3. Take a break. Let your child take a break from a situation that is upsetting to them. Doing so will keep your child motivated, as well as keep them from growing upset and irritable. Your child may tend to become angry or upset, and possibly give up on a difficult assignment if they are being forced to complete it all at once. For example, if your child has to write a lengthy paper, giving him/her a 10 minute break will allow them to remove him/herself from the stressful situation and begin with a fresh start again after the break. Model the same procedure by showing your child how you take a break to handle a difficult or frustrating experience. Display your own strategies by walking away but later returning to solve a problem.
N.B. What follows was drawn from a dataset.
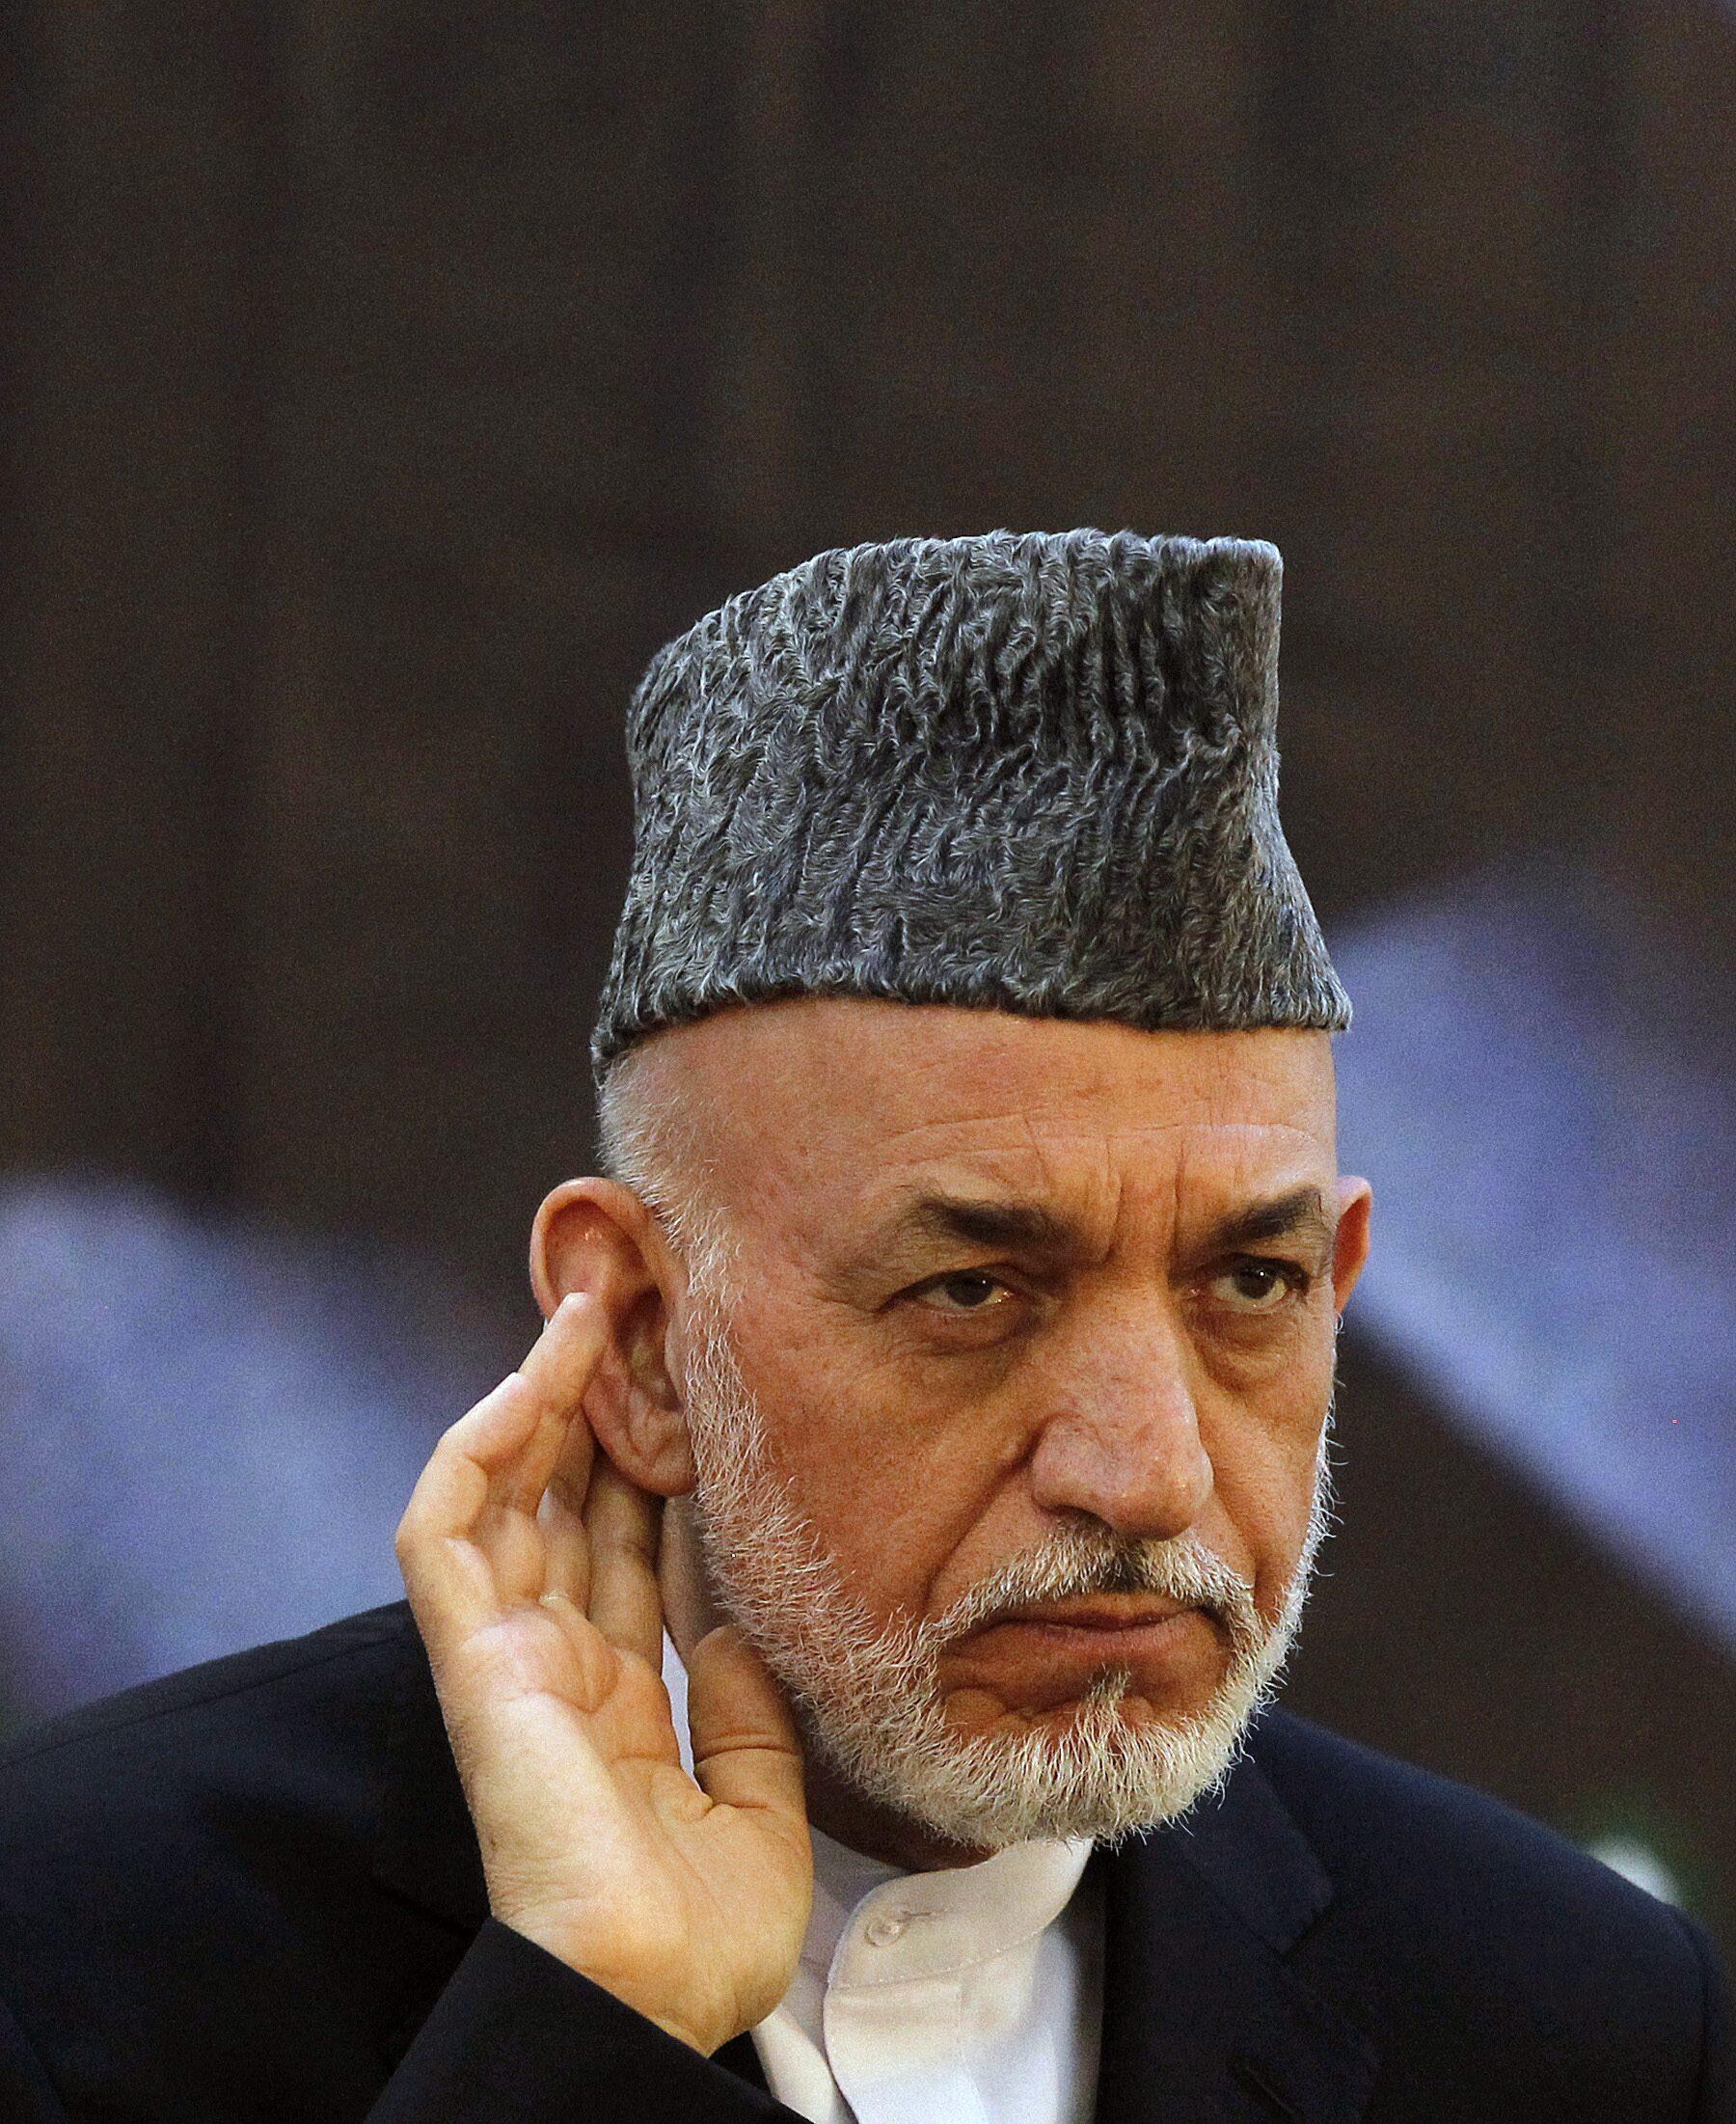 Le président afghan Hamid Karzaï, le 18 juin 2013 à Kaboul.

4. Model response inhibition for your child. Talk to your child about the strategies that you use to exhibit response inhibition and self-control and then model these strategies. For example, you may tell your child, “I really would like to watch TV… but I know I have to clean the basement first.” This will help show your child how to develop a form of response inhibition and structure.

5. Review homework assignment directions with your child so that they know what to do before starting. Discuss what needs to be done and help show your child how to follow the directions. If a teacher assigns a worksheet, have your child read the instructions to you and discuss them, rather than allowing your child to dive in without reading.

6. Encourage your child to play puzzle-based video games. Examples of puzzle-based games include the following: “Bejeweled,” “Tetris,” and “Bubblicious,” in which your child can earn bonus points by delaying a first response. Many of these puzzle games will reward patience when the player is able to combine a number of shapes that match or create a larger pattern rather than simply pairing the first two that fit with each other. Most importantly, ask your child to describe to you how (s)he can earn the maximum number of points; engage in a discussion about how inhibiting or delaying an action results in a higher game score.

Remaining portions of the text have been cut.